The developments turned out to be a succession of students who came to the front and told the story of the struggle for independence from the British Rule before raising their fist in triumph and shouting Jai Ho – let there be victory. It was a deeply troubling experience – one that made me ashamed of my country and embarrassed by my skin colour. The first part of that is something that everyone who is honest in their patriotism will have to experience at some point – the second part is something that nobody should have to go through (and I am very aware that I have it easy in this regard – I’m telling a story, not making comparisons or claiming special status). In a letter of 1908, Tagore wrote: “Patriotism cannot be our final spiritual shelter; my refuge is humanity. I will not buy glass for the price of diamonds, and I will never allow patriotism to triumph over humanity as long as I live,” and I wholeheartedly support this sentiment – which is echoed in the last words of Edith Cavell which I’ve quoted from here before.
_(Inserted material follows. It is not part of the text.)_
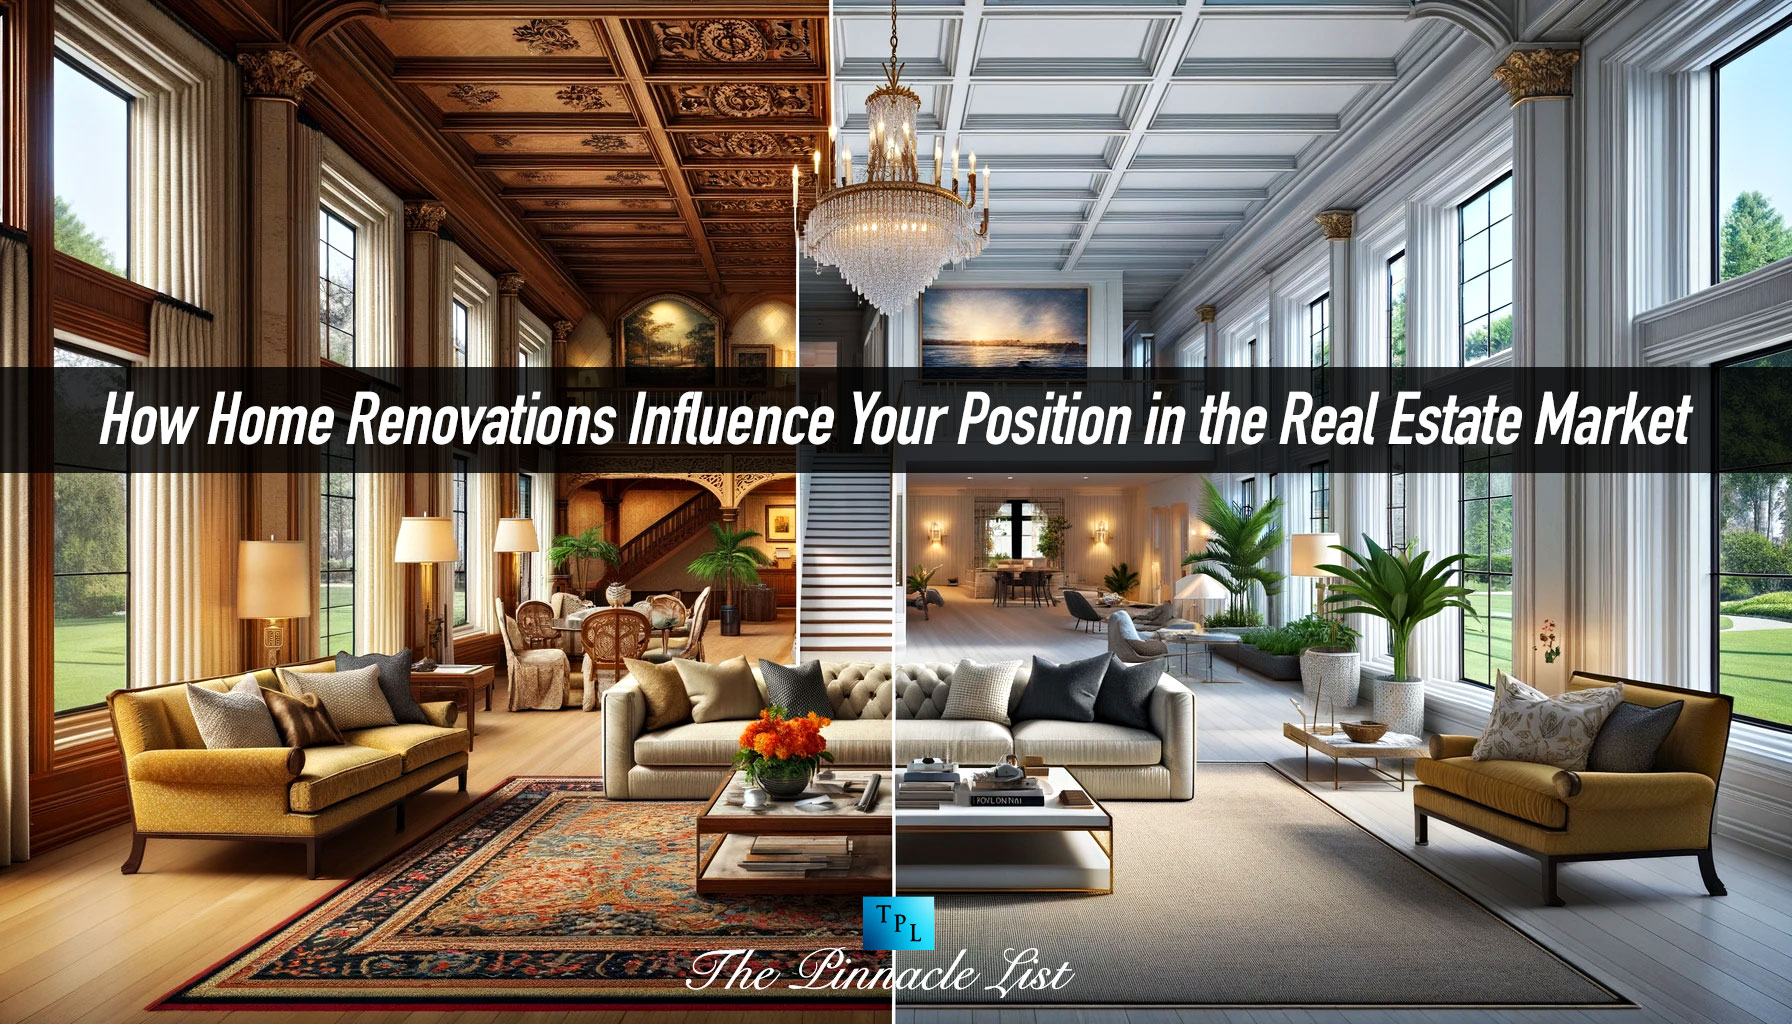 How Home Renovations Influence Your Position in the Real Estate Market

The current piece of politics is also Indian, and, like the partition of 1947, relates to the displacement of refugees. In December, last month, the Indian parliament passed a law relaxing the rules on illegal immigrants becoming citizens. The contentious issue is that the law was not that it was relaxed only for refugees from three countries: Afghanistan, Pakistan and Bangladesh, but that it was relaxed only for non-Muslim refugees from these countries. For an avowedly, constitutionally, secular nation to make a religiously specific law has created disquiet – the concern being that this is the thin end of the wedge, the first law in a series that decrease the citizenship of Muslim Indians.

And this brings us to Resilience for a Better Tomorrow – the half-term set aside in the school calendar for events which bring us closer to understanding our collective humanity, to setting aside differences of sex, sexuality, race or religion, for accepting our collective heritage, for recognising wrongs, both past and present, and for standing up, together, as a school, as a community, for each other, and against hatred, prejudice, injustice, and abuse. You’ll find that assemblies focus on this theme rather than our normal introspection on school life and scholarship (although I don’t accept that there is a clear distinction) and there will be other events: Tirah have organised a sequence of events that started yesterday and I hope other societies will do similarly. My last words, and a lead in to the last piece of Tagore I have for you today, are that what you make of this is up to you – if there are stories you want told and issues that you want addressed then please don’t leave it up to others to fill the gap – organise an event, tell that story, raise that issue. Your form tutors will help, as will heads of house, and you may find allies in Tirah, or the Intersectional Feminism Society, or Intelligent Believing, or GSA, or Act. Don’t complain – do something, or as Tagore says, much more beautifully, “I slept and dreamt that life was joy. I awoke and saw that life was service. I acted and behold, service was joy.”